Image of scientist in lab editing embryo

NIH and top scientists call for moratorium on gene-edited babies

Scientists and ethicists from seven nations on Wednesday called for a moratorium on gene-editing experiments designed to alter heritable traits in human babies. It’s the latest alarm sounded by researchers who have been both excited and unnerved by the powerful genetic engineering technique known as CRISPR, which can potentially prevent congenital diseases but also could lead to permanent changes in the human species and create a perverse market for enhanced, augmented offspring, sometimes called “designer babies.”

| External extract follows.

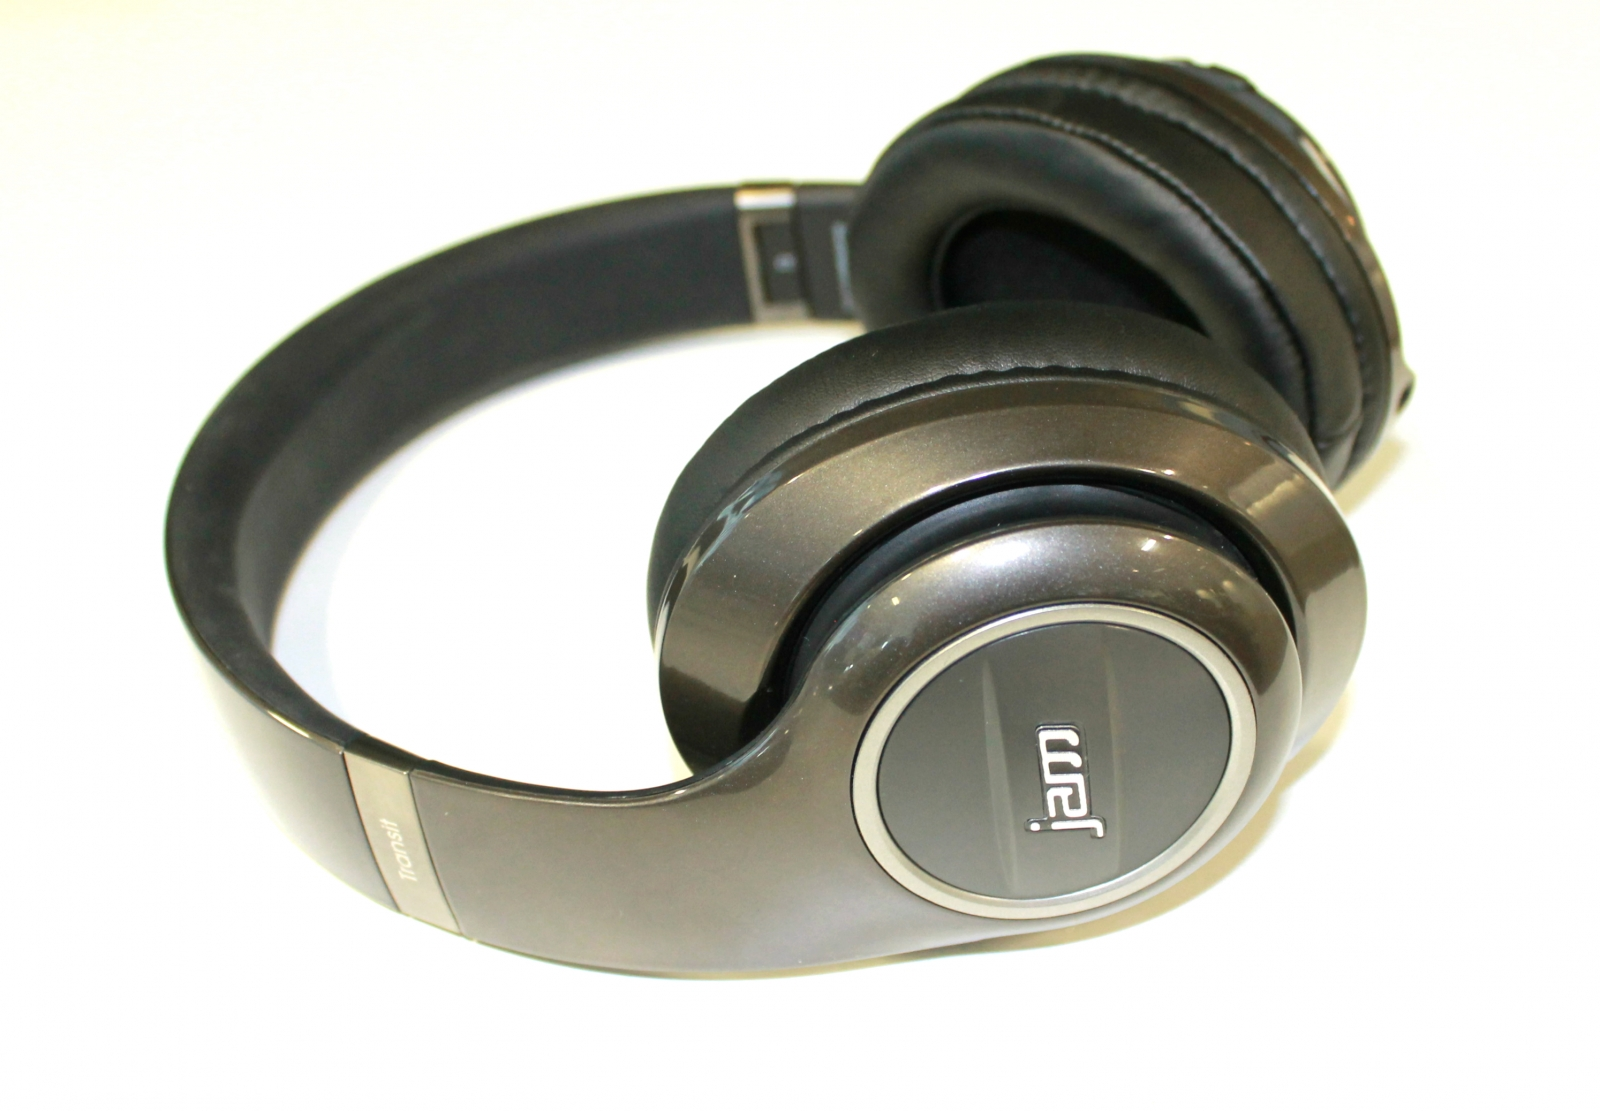 Jam transit bluetooth wireless headphones

The call for the moratorium, published as a commentary in the journal Nature, came in direct response to the actions of a Chinese researcher who, disregarding a global consensus on the ethical boundaries of gene editing, altered embryos that were implanted and carried to term, resulting in the live birth of twin babies. The Chinese researcher, He Jiankui, said his experiment was intended to alter a gene to make the babies resistant to infection with HIV. He said he knew he would receive criticism but defended it as an ethical form of gene therapy and not something akin to making cosmetic genetic alterations.

But the scientific community was outraged, condemning He’s actions as “rogue human experimentation.” The new call for a moratorium is an acknowledgment that the many warnings emerging from conferences on the ethics of gene-editing have not been sufficiently clear and emphatic and, in the case of the Chinese twins, have failed to prevent an ethical violation.